START Collected data

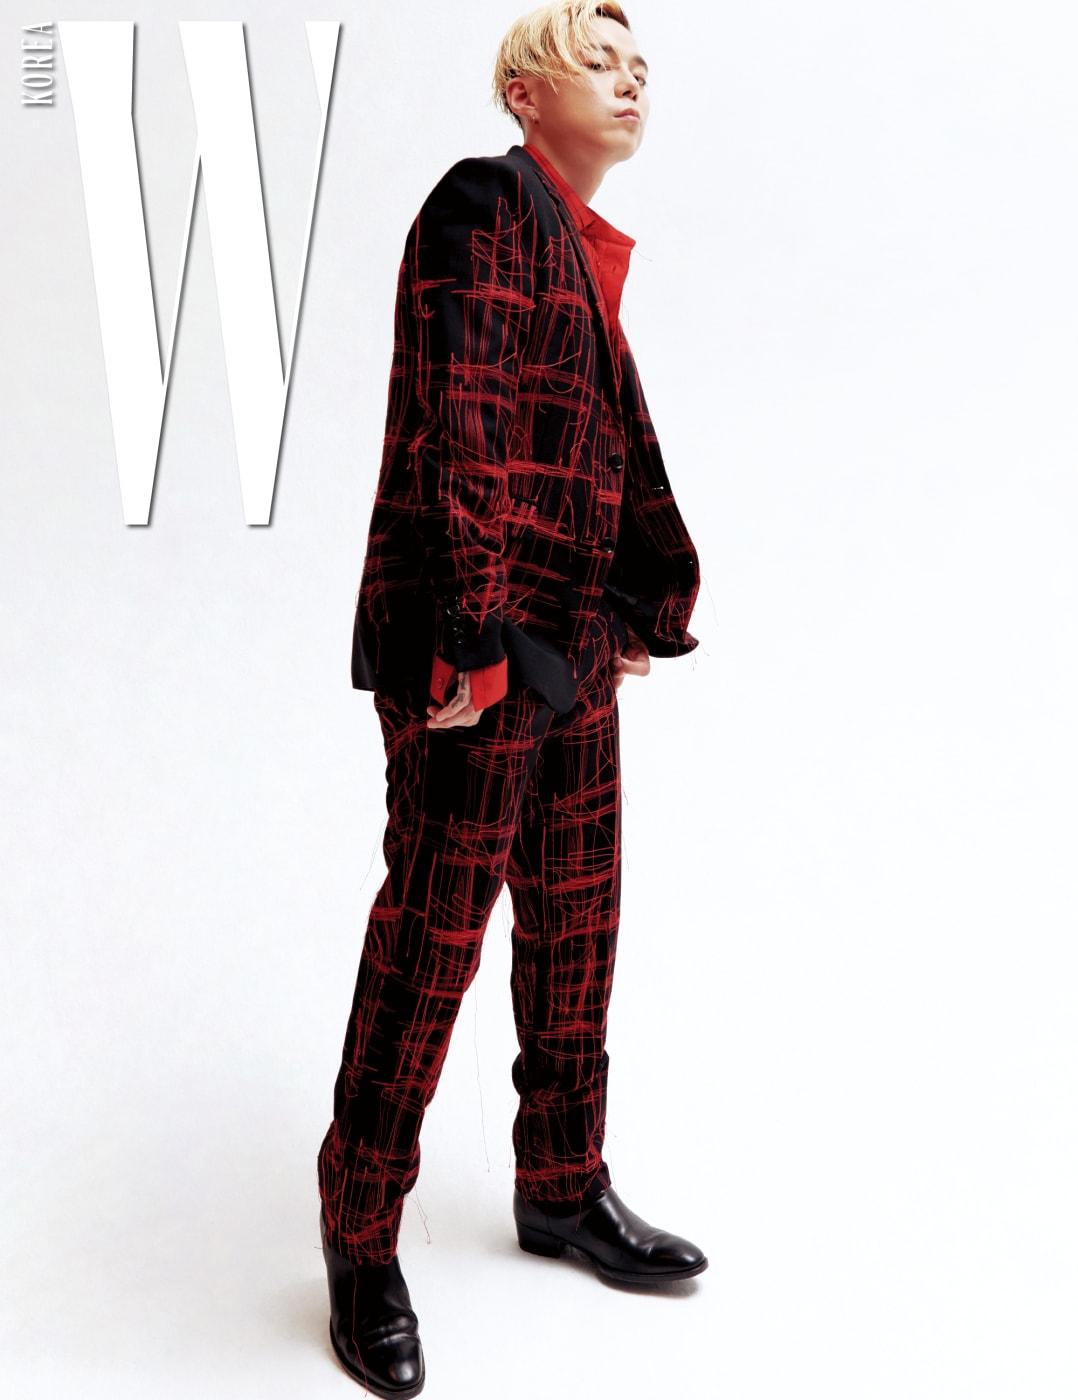 해진 듯한 세부 장식이 특징인 슈트와 붉은색 셔츠는 디올 옴므, 신발은 생로랑 제품
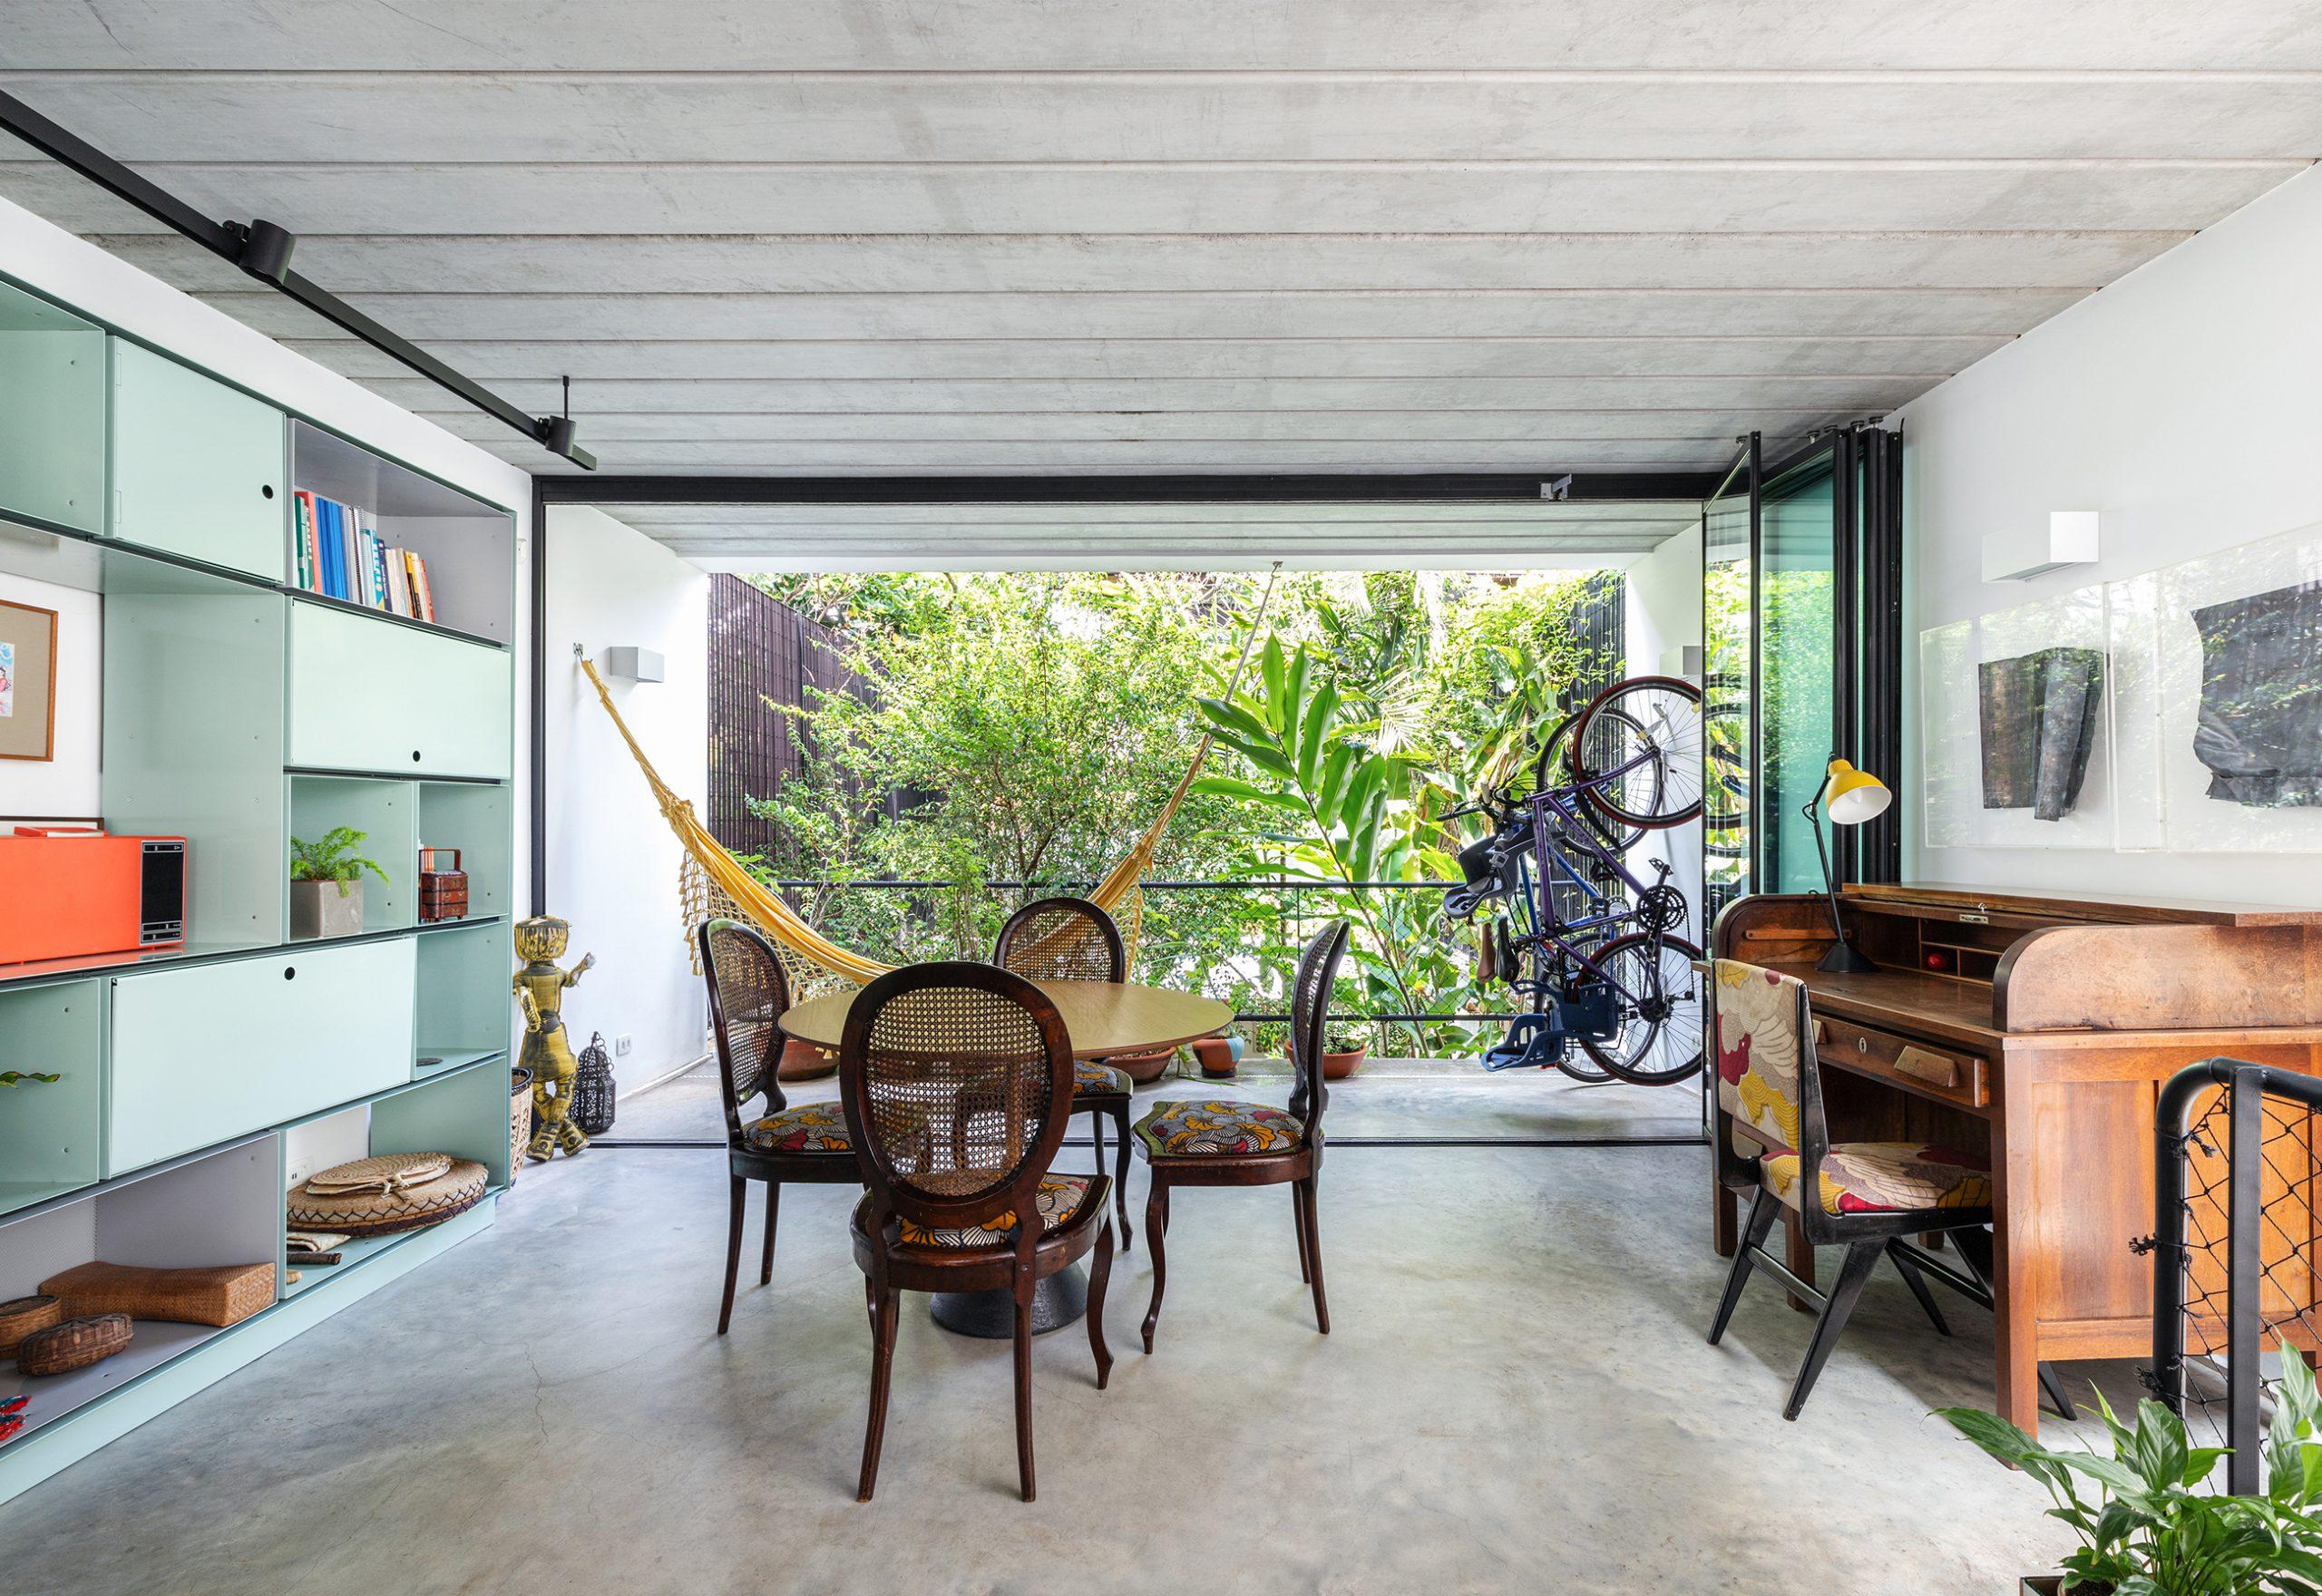 decoração casa sala com estante de metal verde, rede, e mesa de madeira
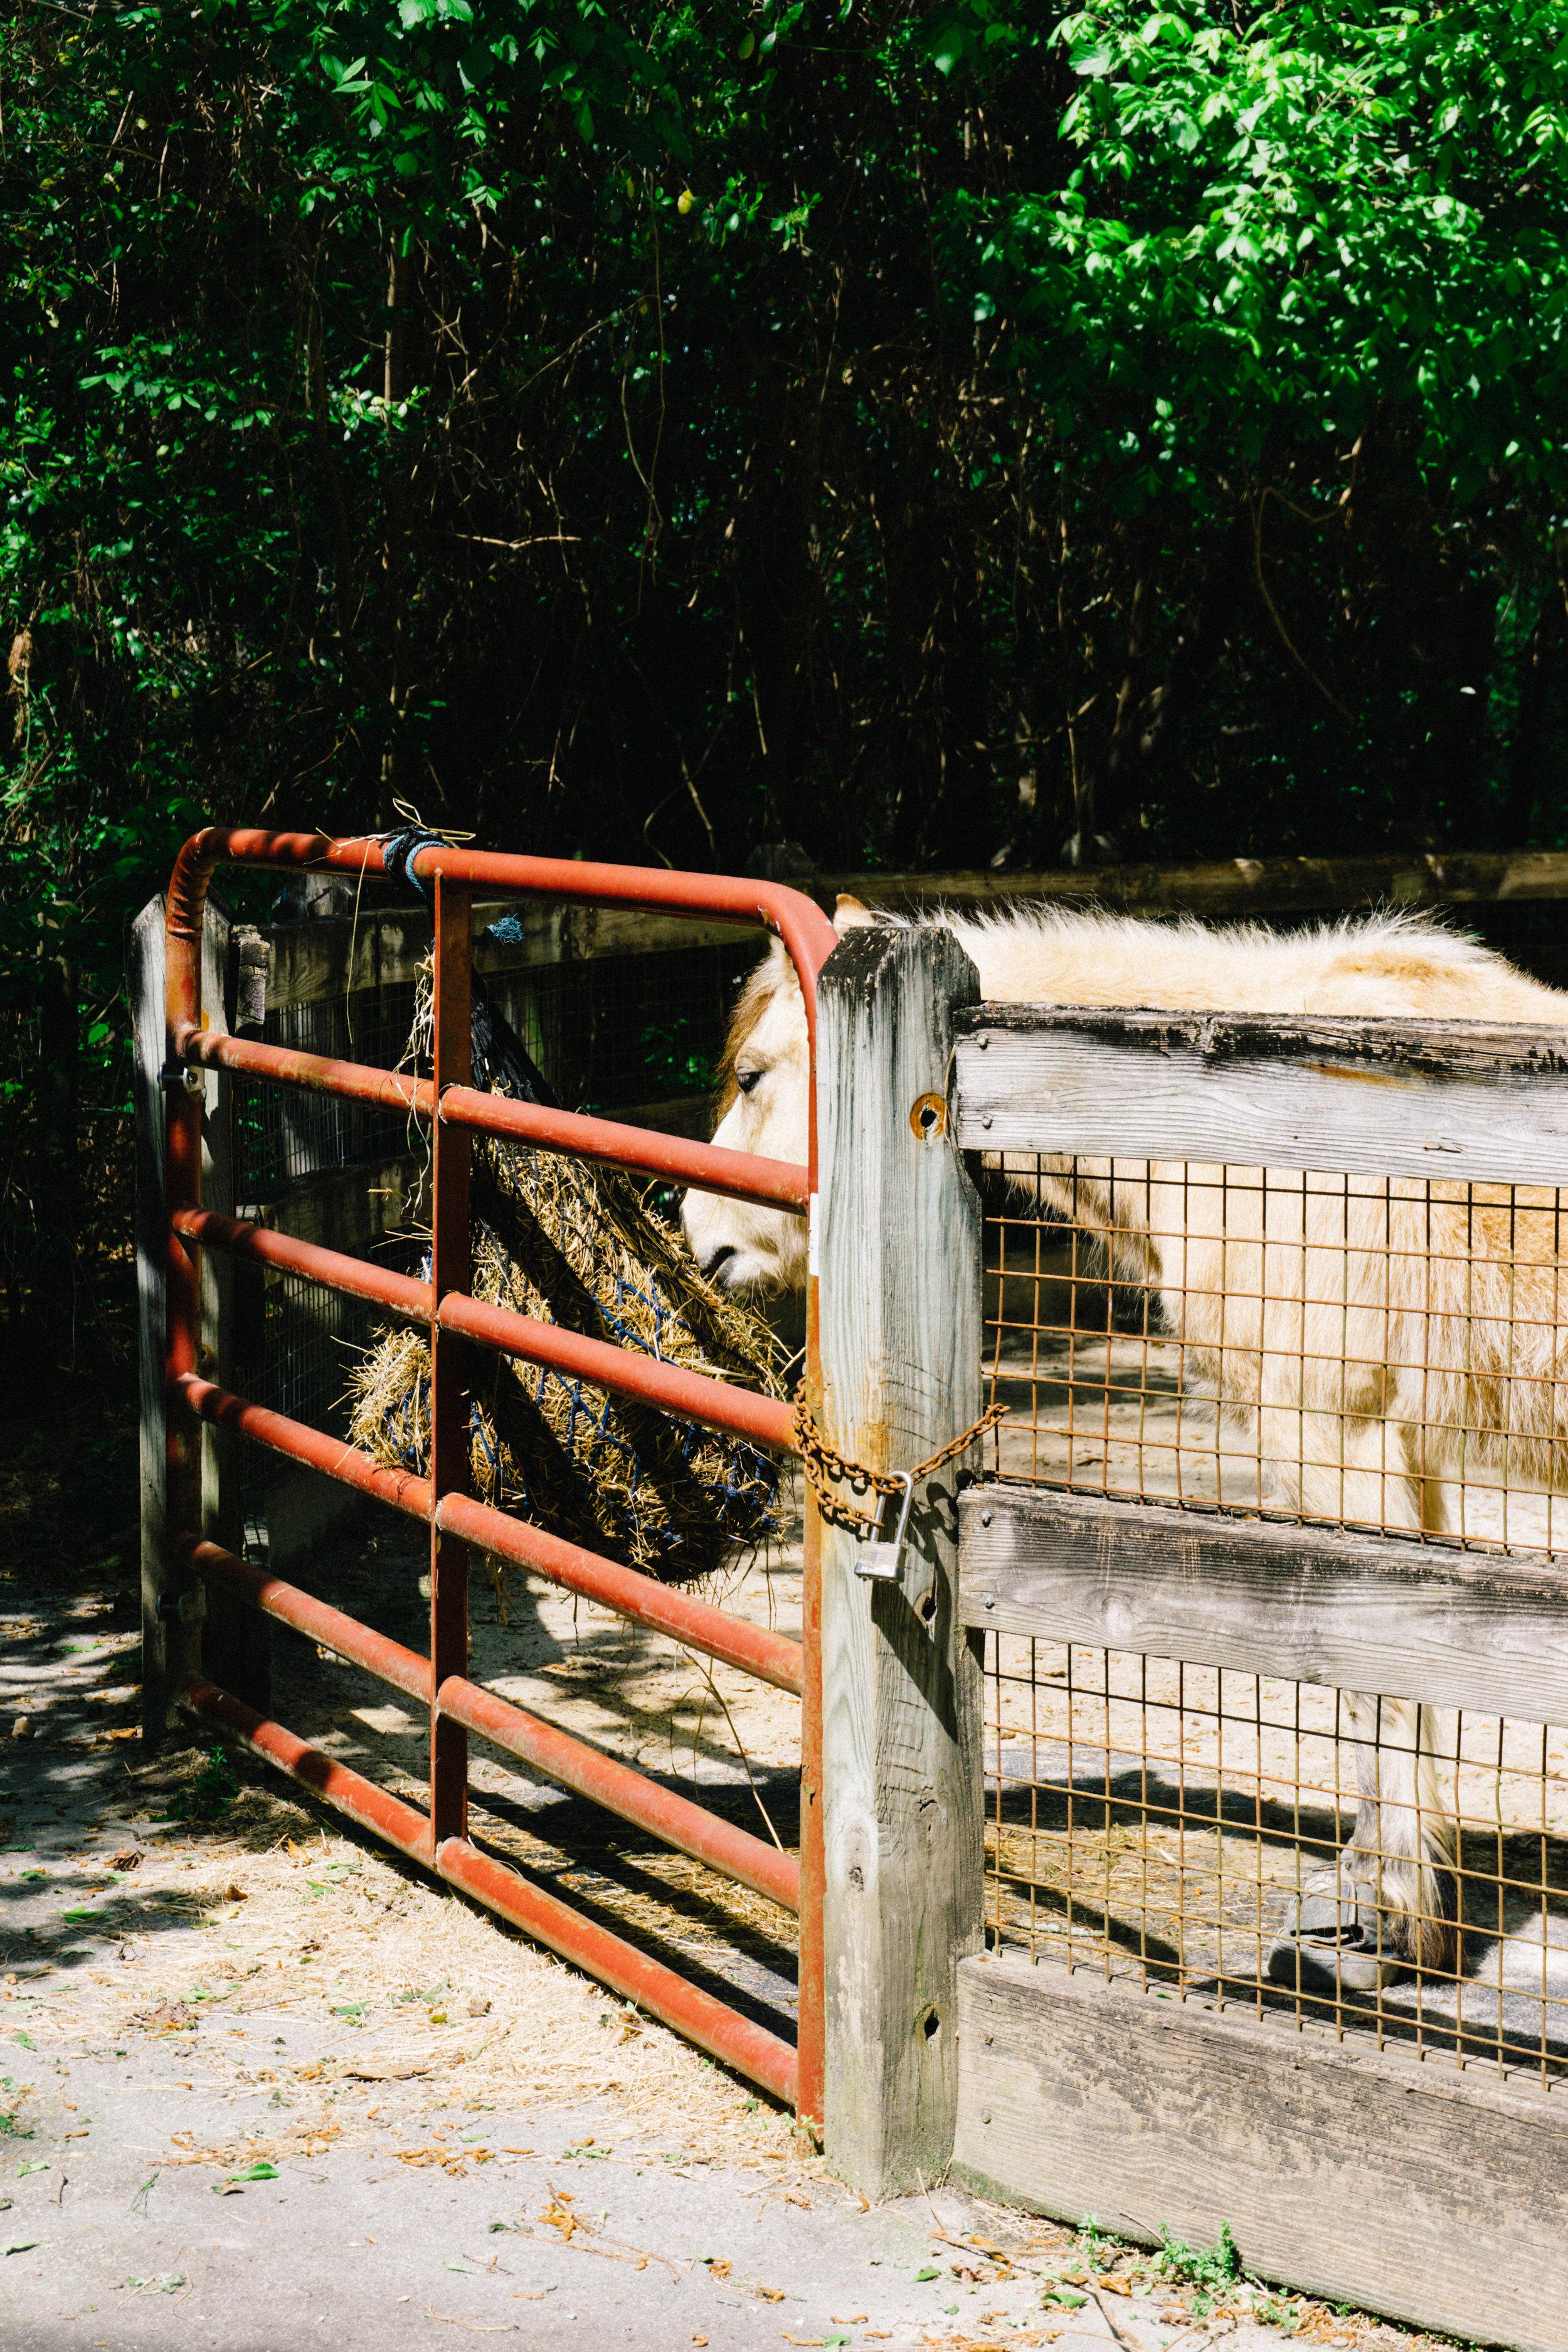 Horse at Riverbanks Zoo barnyard

END Collected data

▶ Requirement
All lines of the material above should be returned unchanged, but no pictures should be included.

▶ Answer to the exercise
 해진 듯한 세부 장식이 특징인 슈트와 붉은색 셔츠는 디올 옴므, 신발은 생로랑 제품
 decoração casa sala com estante de metal verde, rede, e mesa de madeira
 Horse at Riverbanks Zoo barnyard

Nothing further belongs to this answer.